PROBLEM DETAILS
Beneath this line are entries. Copy the range from the line with "Pro Deutschland -ryhmän" to the line with "Spike / Spike (2008)", ends included, exactly; leave pictures out.

DATASET RECORDS
***
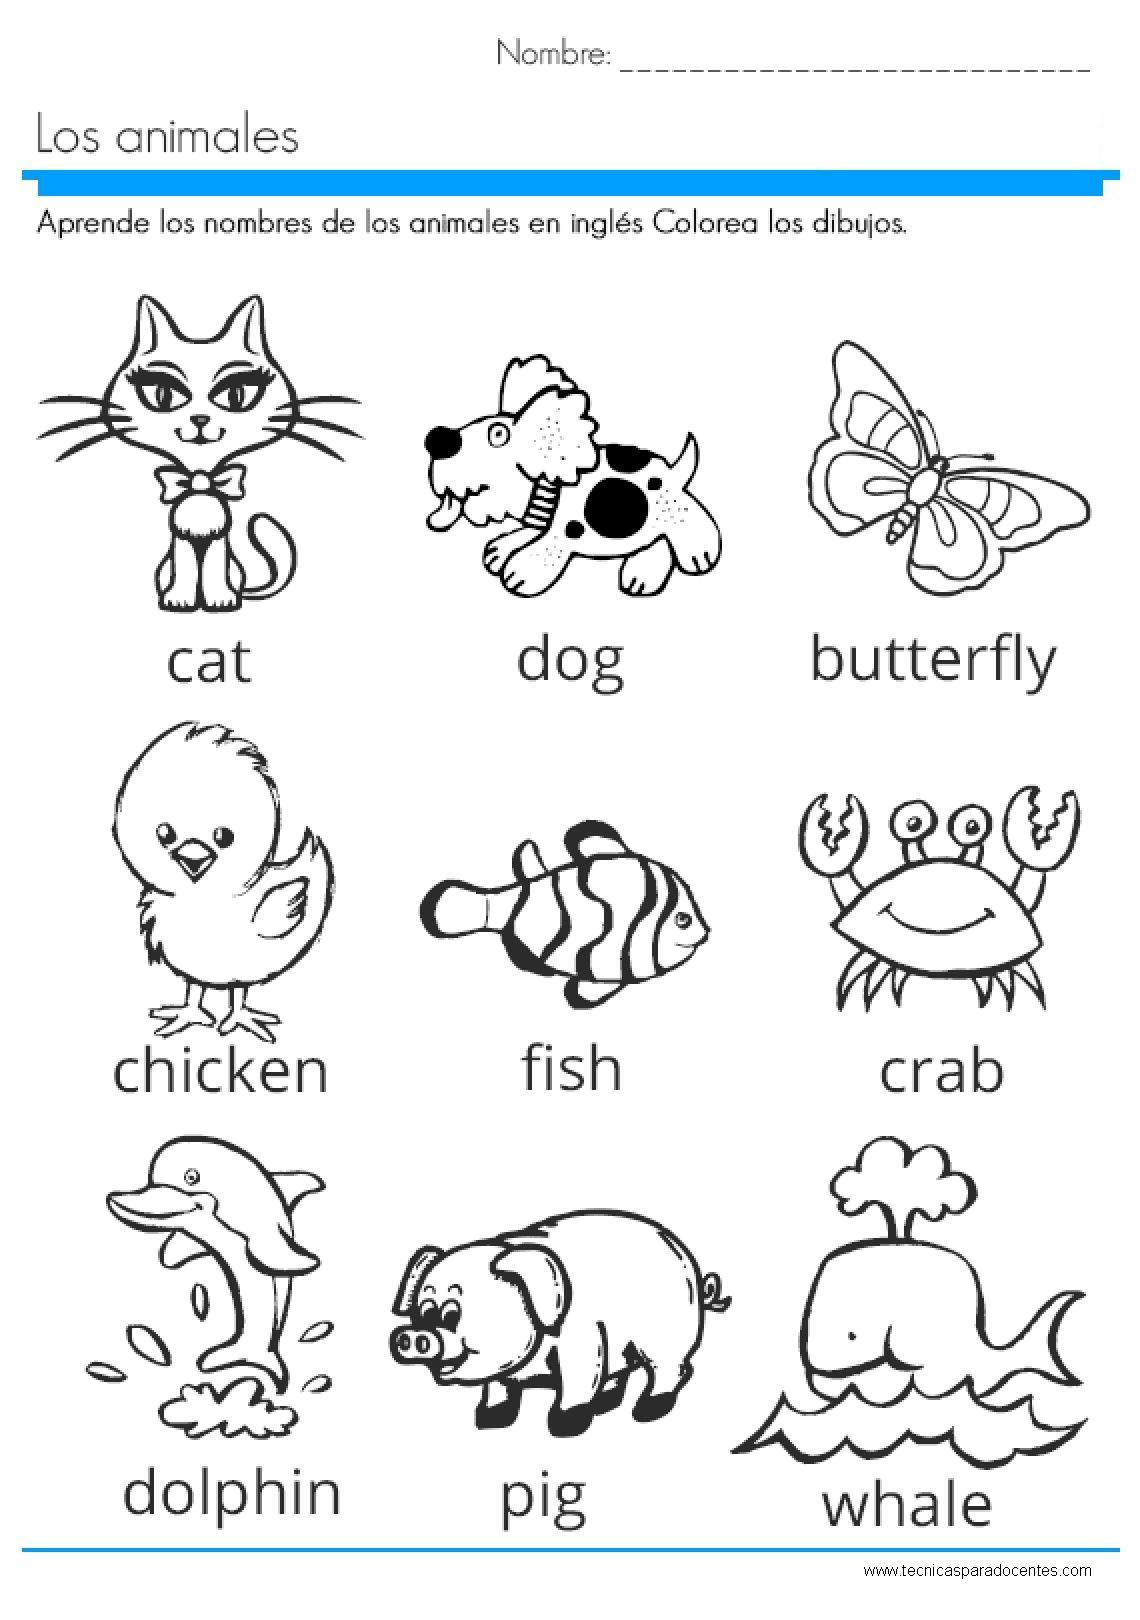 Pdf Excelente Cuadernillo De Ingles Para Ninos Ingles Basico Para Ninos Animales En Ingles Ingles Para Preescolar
***
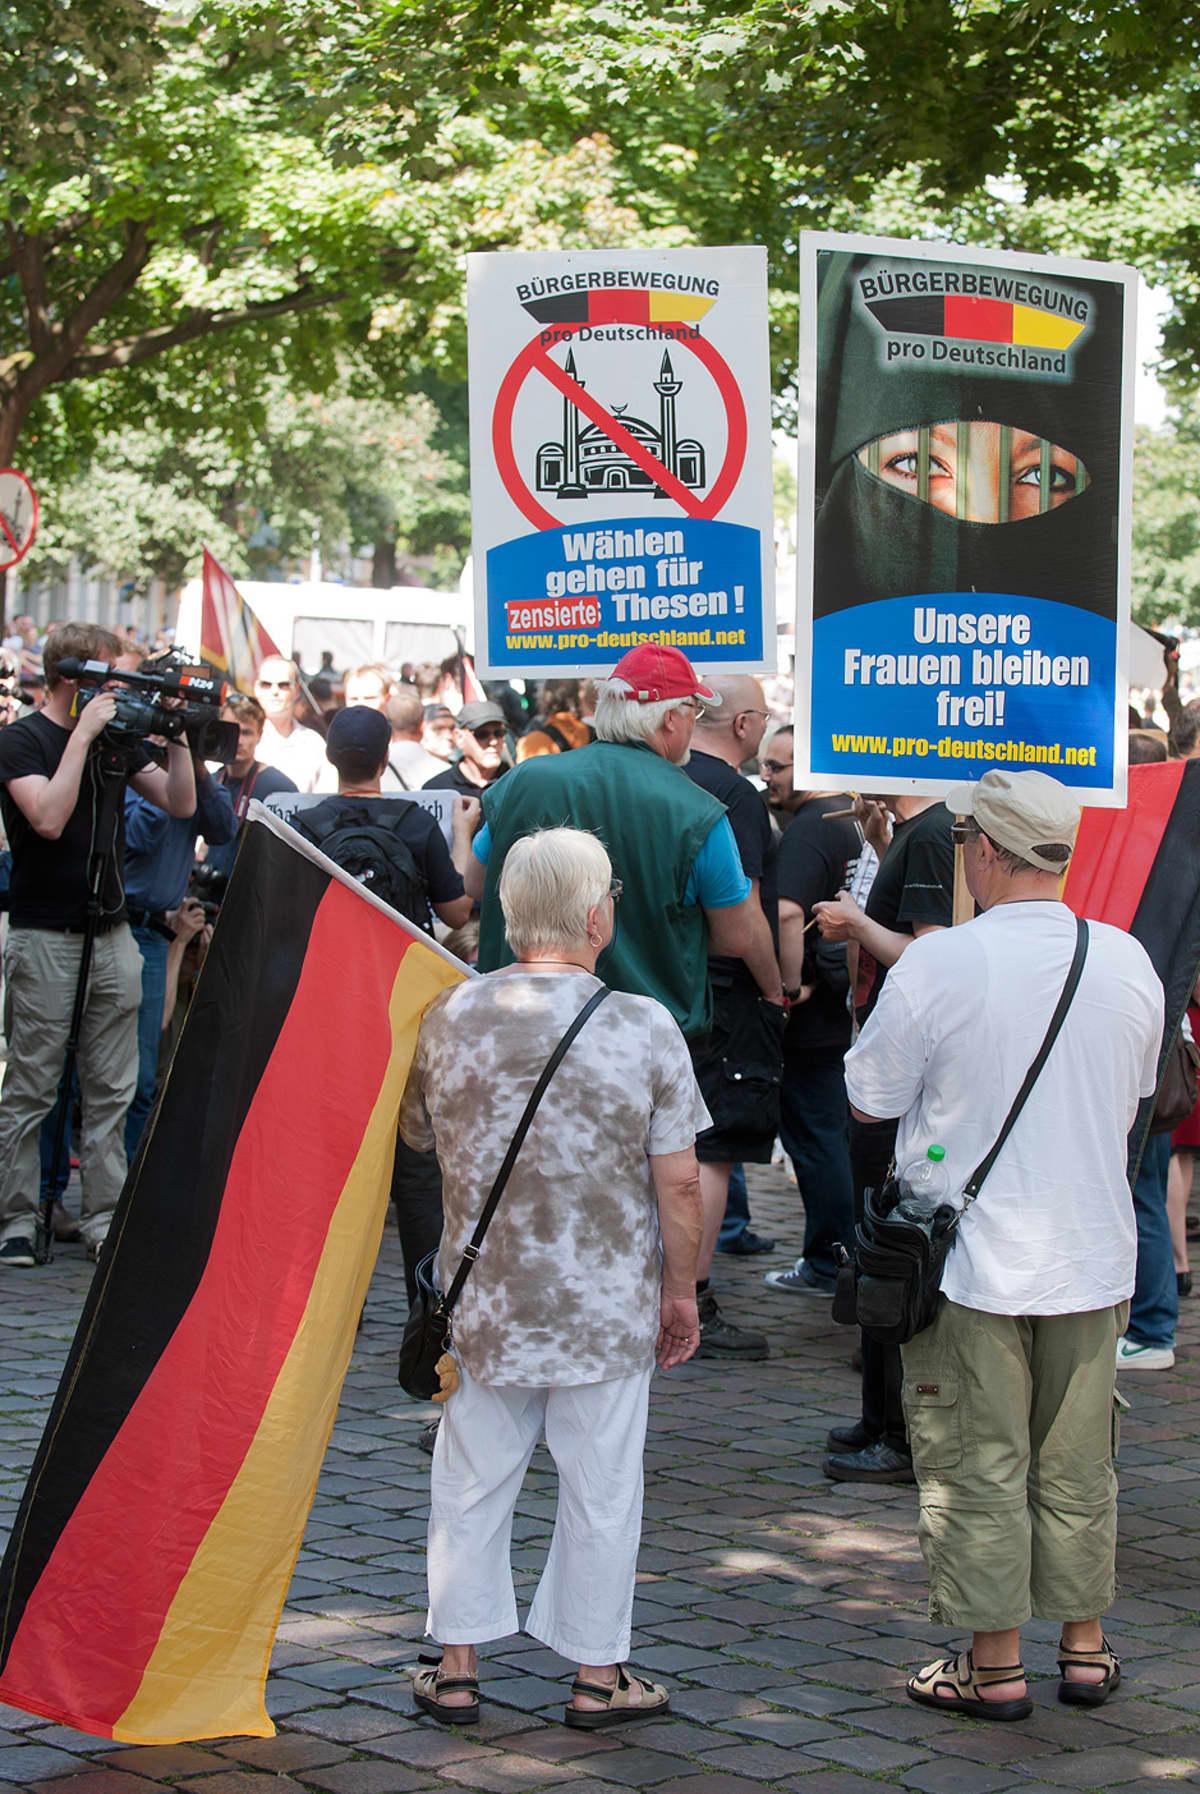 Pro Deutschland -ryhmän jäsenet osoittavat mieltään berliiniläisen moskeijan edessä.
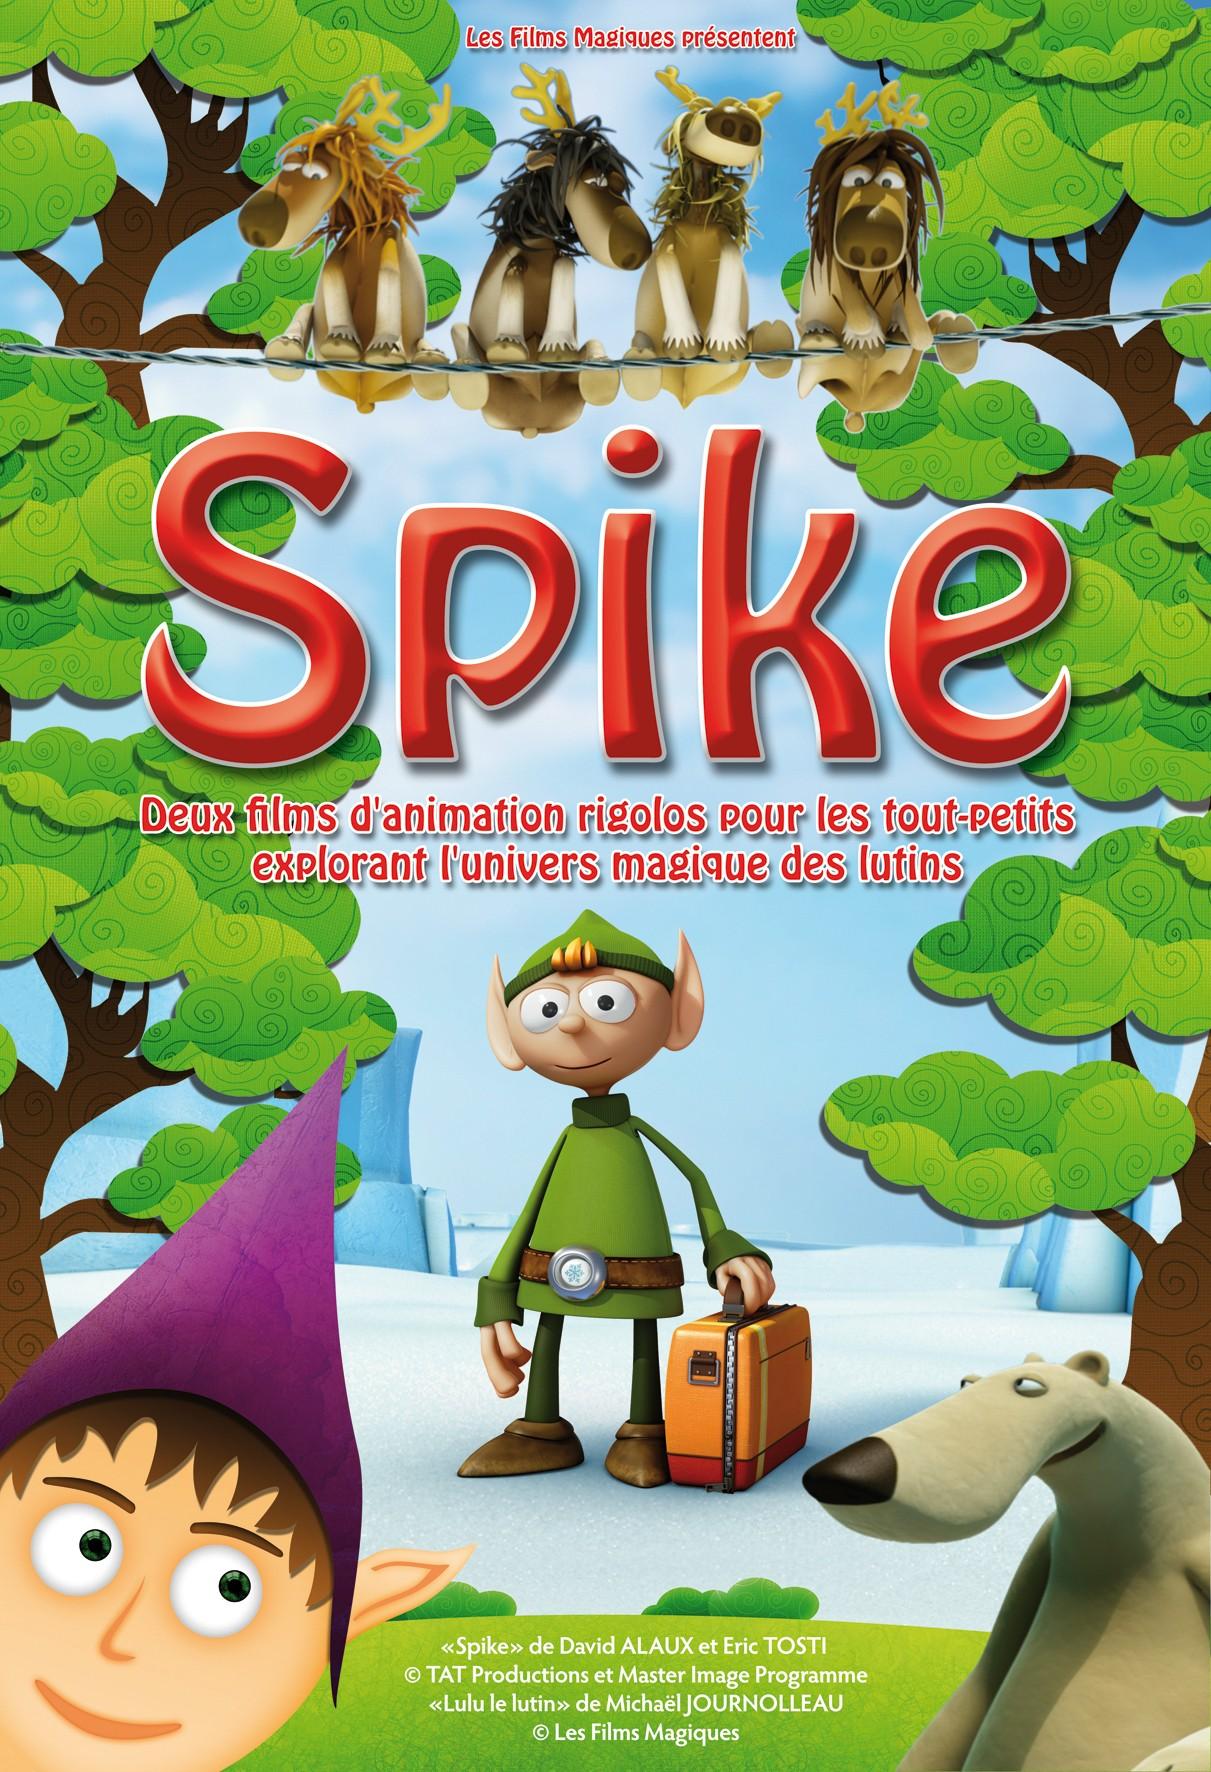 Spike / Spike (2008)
***
OUTPUT BELOW
 Pro Deutschland -ryhmän jäsenet osoittavat mieltään berliiniläisen moskeijan edessä.
 Spike / Spike (2008)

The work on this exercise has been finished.